What Young Americans Can Learn from This Election

What Young Americans Can Learn from This Election

Lifezette
November 4, 2016
Callista Gingrich

On Nov. 8, millions of Americans will go to the polls to vote for the next president of the United States. Some voters will bring their children with them to see a glimpse of our democracy in action.

Today, however, many young people might not fully appreciate the significance of what they’re seeing, as they know so little about the democratic process, our presidents of the past, and the important roles they have played in American history.

For two generations now, we have done a poor job of teaching young people about our country’s history. The results of the National Assessment of Educational Progress show that students score worse in American history than in any other subject — at every grade level and often overwhelmingly so. Unfortunately, just 20 percent of fourth-graders, 18 percent of eighth-graders, and 12 percent of 12th-graders are at grade-level proficiency in American history.

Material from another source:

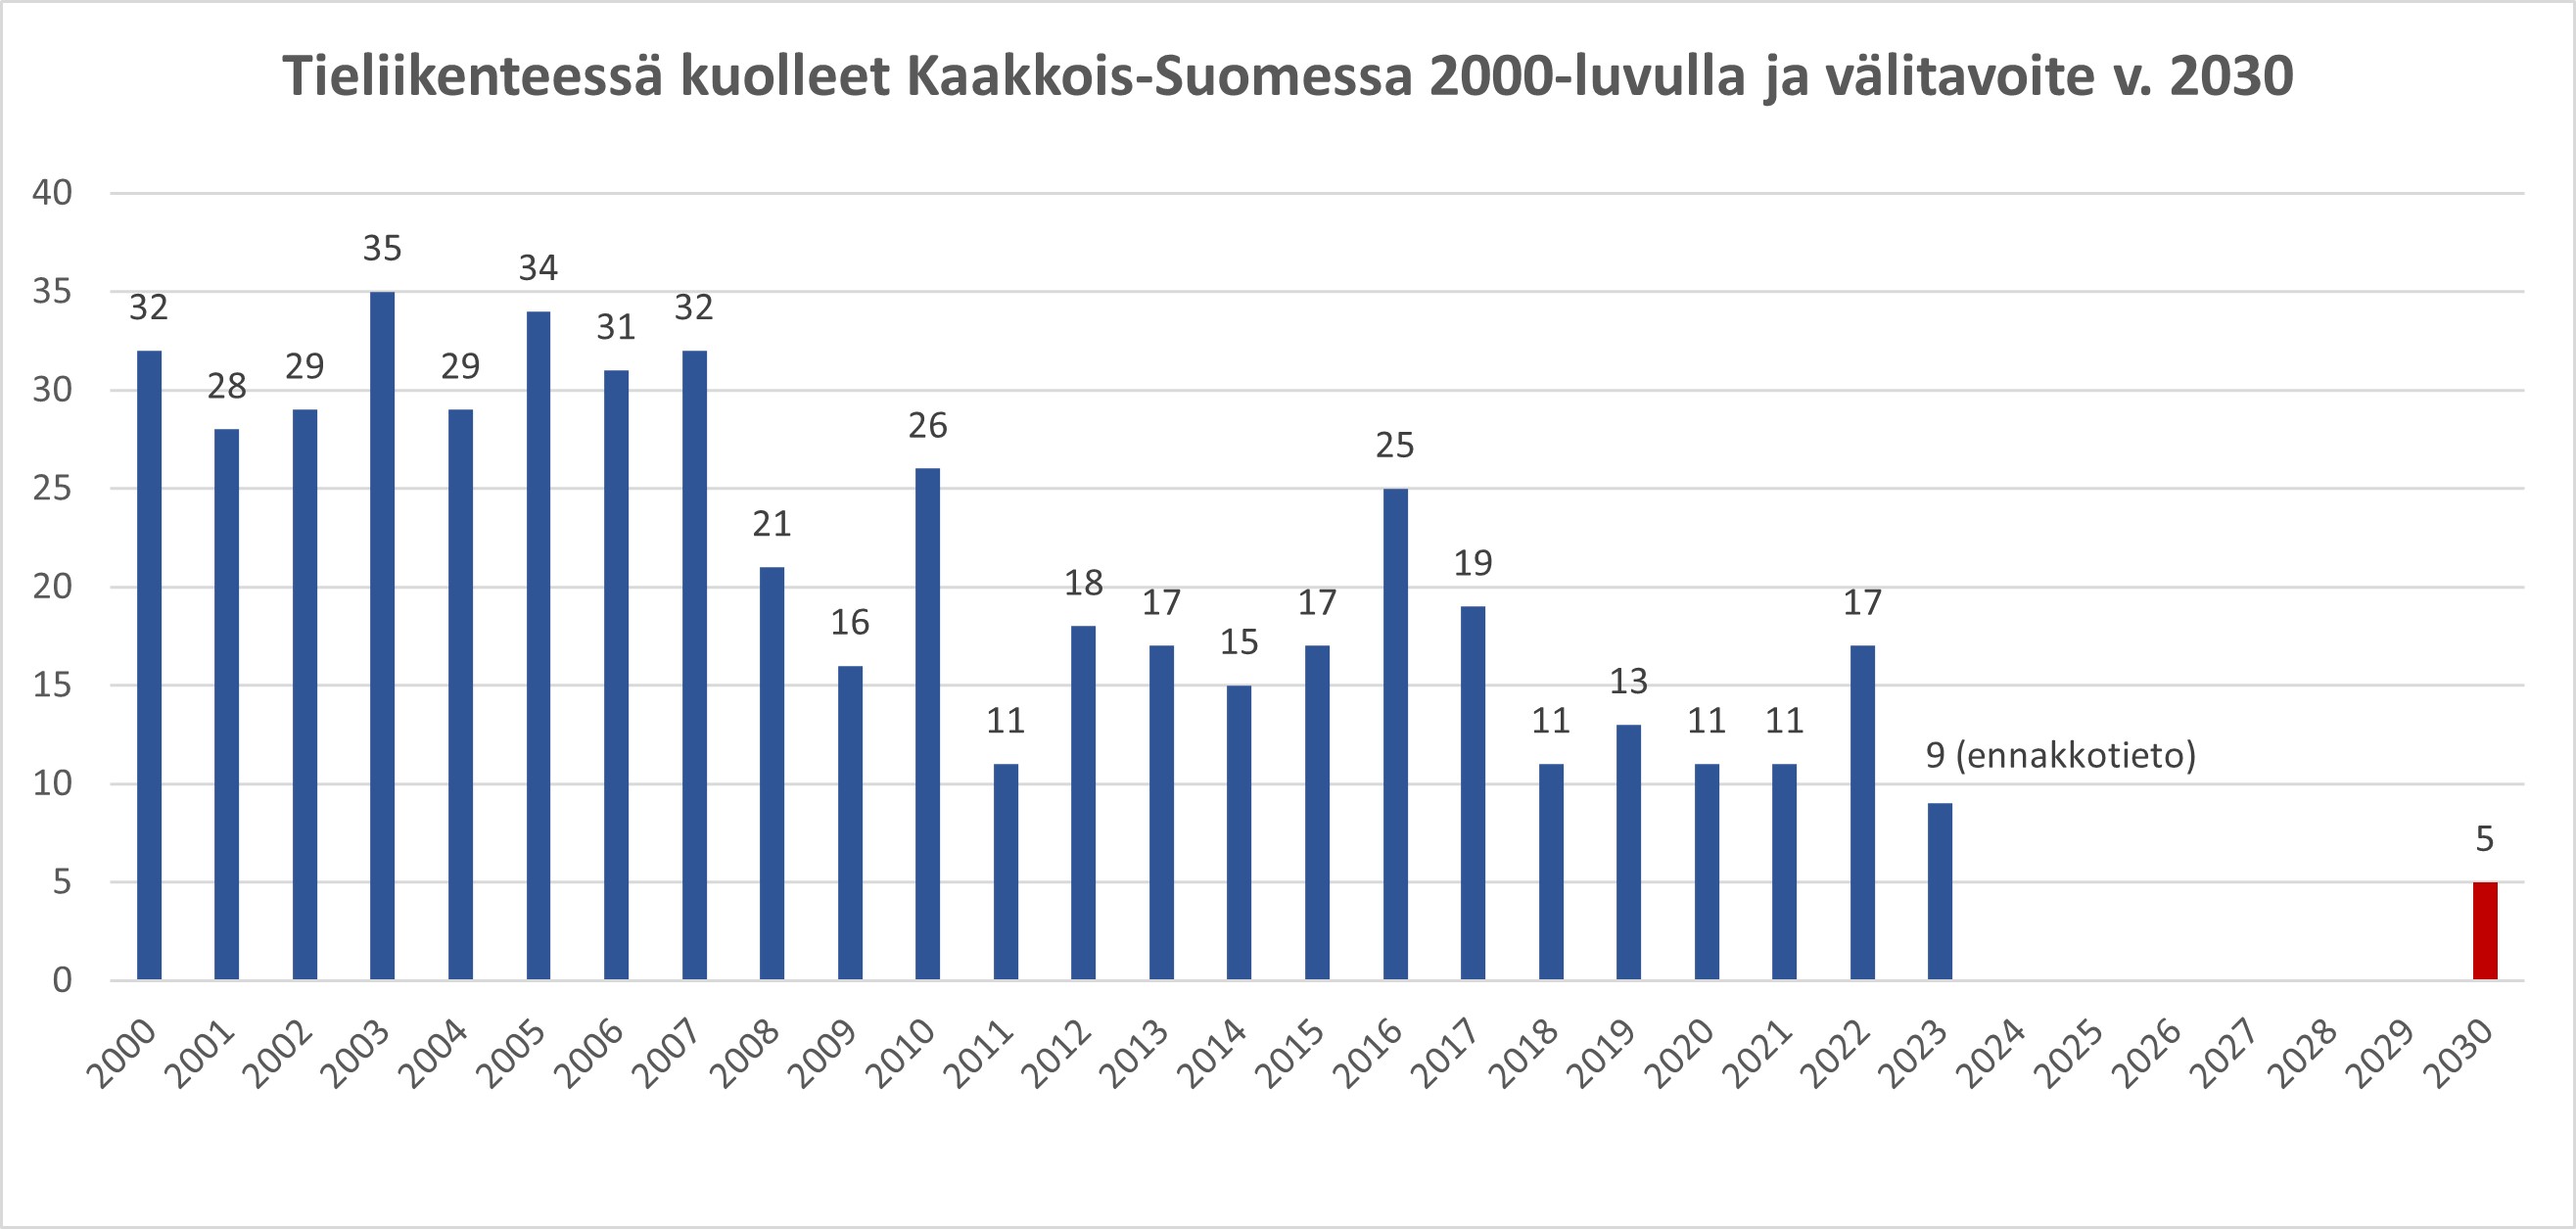 Kuvaajassa on esitetty Kaakkois-Suomessa tiiliikenteessä kuolleet 2000-luvulla ja alueellinen nollavisioon pohjautuva välitavoite vuodelle 2030.

Amazingly, the longer students are in school, the less familiar they become with American history.

Those of us who care about passing on the lessons of our past to the next generation have only ourselves to blame if, from the very beginning, our children are failing to learn what it means to be American.

Presidential elections such as this one are a great opportunity to correct this deficiency. Through the election process, we can introduce young Americans to a more patriotic understanding of America and its great tradition of freedom, self-government, and the rule of law.

It’s also the perfect occasion for each of us to begin repairing the lack of knowledge about our presidential past with the young people in our own lives, so that they can begin to understand what the presidency means. For children, Hail to the Chief, the latest in my New York Times best-selling children’s series featuring Ellis the Elephant, is an excellent place to start. By exploring the stories of some of our greatest presidents, the book can help children understand how our highest officeholders shape and change history.

Young people will discover that there’s no single background or experience that qualifies someone to be commander-in-chief. Rather, our best leaders have brought valuable skills that were necessary at the time. Americans have chosen some exceptional leaders — tough and energetic figures who have inspired our nation.

We have also selected some unlikely presidents, who offered unique qualities when they were urgently needed.

Ellis the Elephant discovers one such example in Andrew Jackson, who rose from humble beginnings to rock the political Establishment in Washington, D.C., with his populist campaign for president. Jackson was a tough, blunt, and strong-willed leader with no political background who came to the White House promising to shake things up. Indeed, some might find themselves drawing comparisons between Andrew Jackson and Donald Trump today.

As we elect a new president on Nov. 8, consider taking a young person with you to the polls. It will certainly be an educational, memorable, and historic moment.